In one of the next posts, I'll also talk about a document from Epic v. Apple that involves Sony and is interesting in the context of Microsoft's proposed acquisition of Activision Blizzard.

There is now another antitrust case against Apple pending in the Northern District of California that has the potential to be the perfect next step after Epic v. Apple: a group of French publishers represented by the Hausfeld firm are challenging not only the app tax and Apple's app review regime, but also the App Tracking Transparency (ATT) scheme. ATT is making a terrible impact on the economy at large. On Tuesday, the Financial Times' Patrick McGee reported on small businesses now "finding it prohibitely expensive to target likely consumers as they once did," and some small companies are really suffering.

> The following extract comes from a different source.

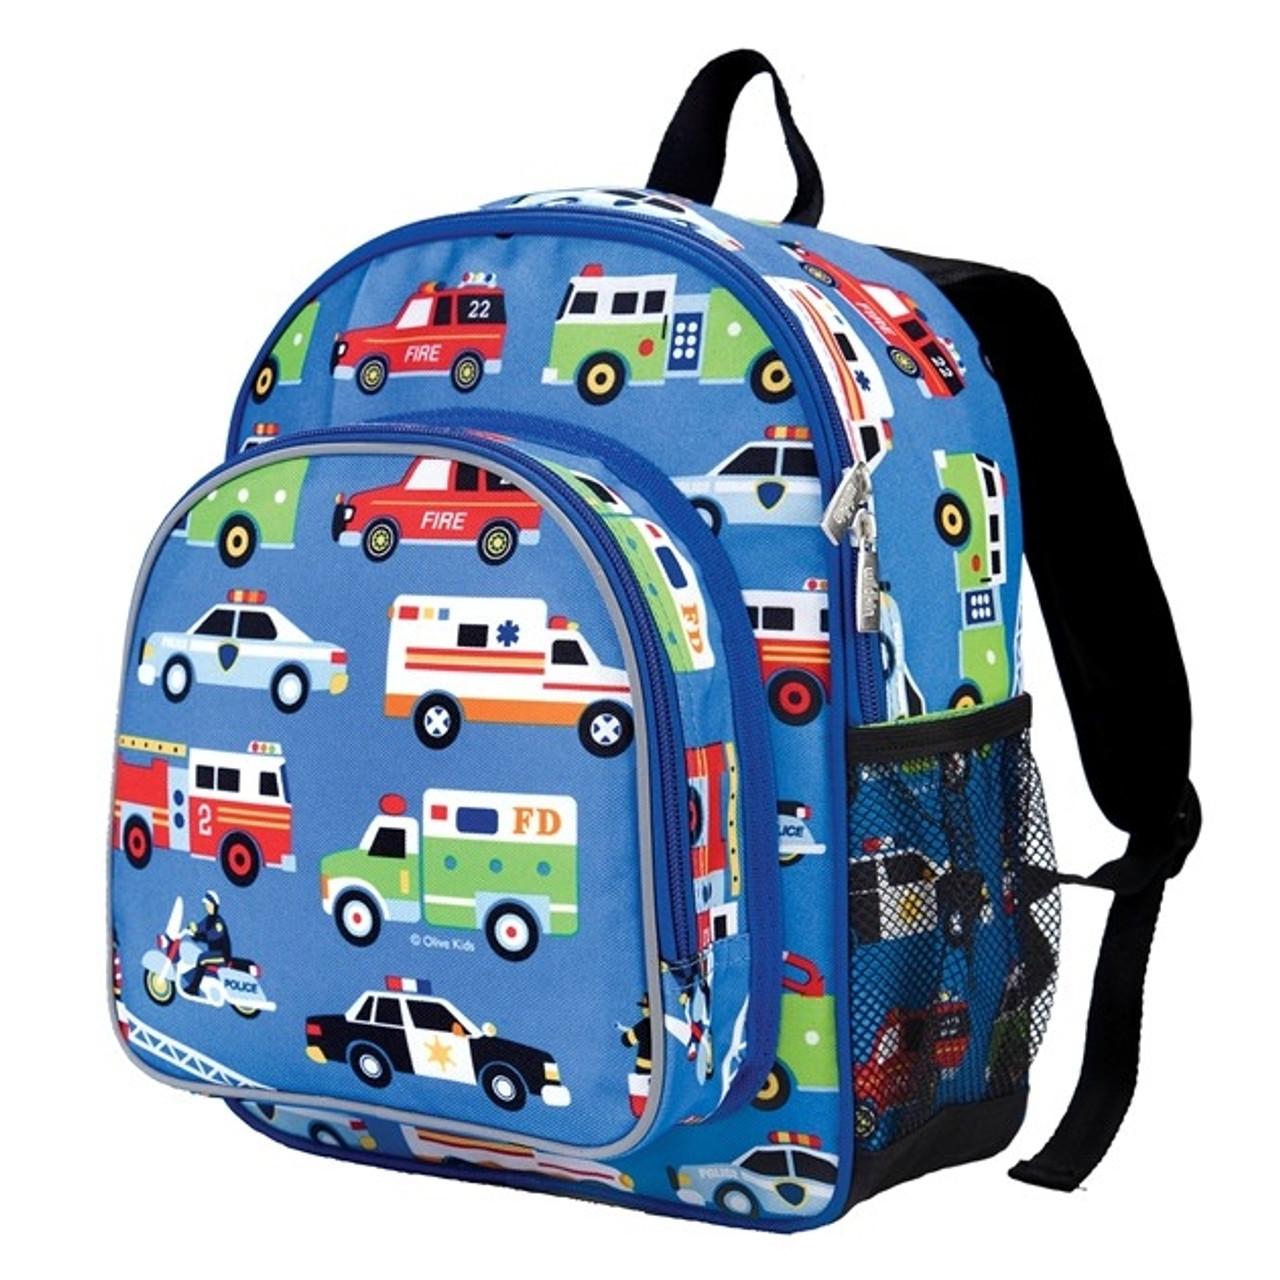 Wildkin Toddler Backpack - Action Vehicles 204ba15ed3b82

Outside the U.S., various consumer class actions are also worth watching and have the potential to bring down Apple's (and Google's) app tax. The latest development in South Korea--a fact-finding inquiry by the Korea Communications Commission--may also yield significant results.

Getting back to the U.S. situation, it's possible that Congress will vote on the Open App Markets Act (OAMA) at around the time of the Epic v. Apple appellate hearing. Last week, CNBC and other media reported on the fact that while Congress passed a bill on chip manufacturing subsidies before its summer recess, "tech industry's critical policy issues" had yet to be addressed, among them the American Innovation and Choice Online Act (AICOA) and the OAMA. Now the end of the Congressional term is approaching fast. One expert--Paul Gallant, the managing director of investment bank Cowen's Washington Research Group--said that Congress might end up voting on the OAMA, which is more focused and "gained broader support in the Senate Judiciary Committee than the American Innovation and Choice Online Act." I consider both bills important, but as an app developer I'm naturally most interested in avoiding any further delay of the OAMA's passage into law.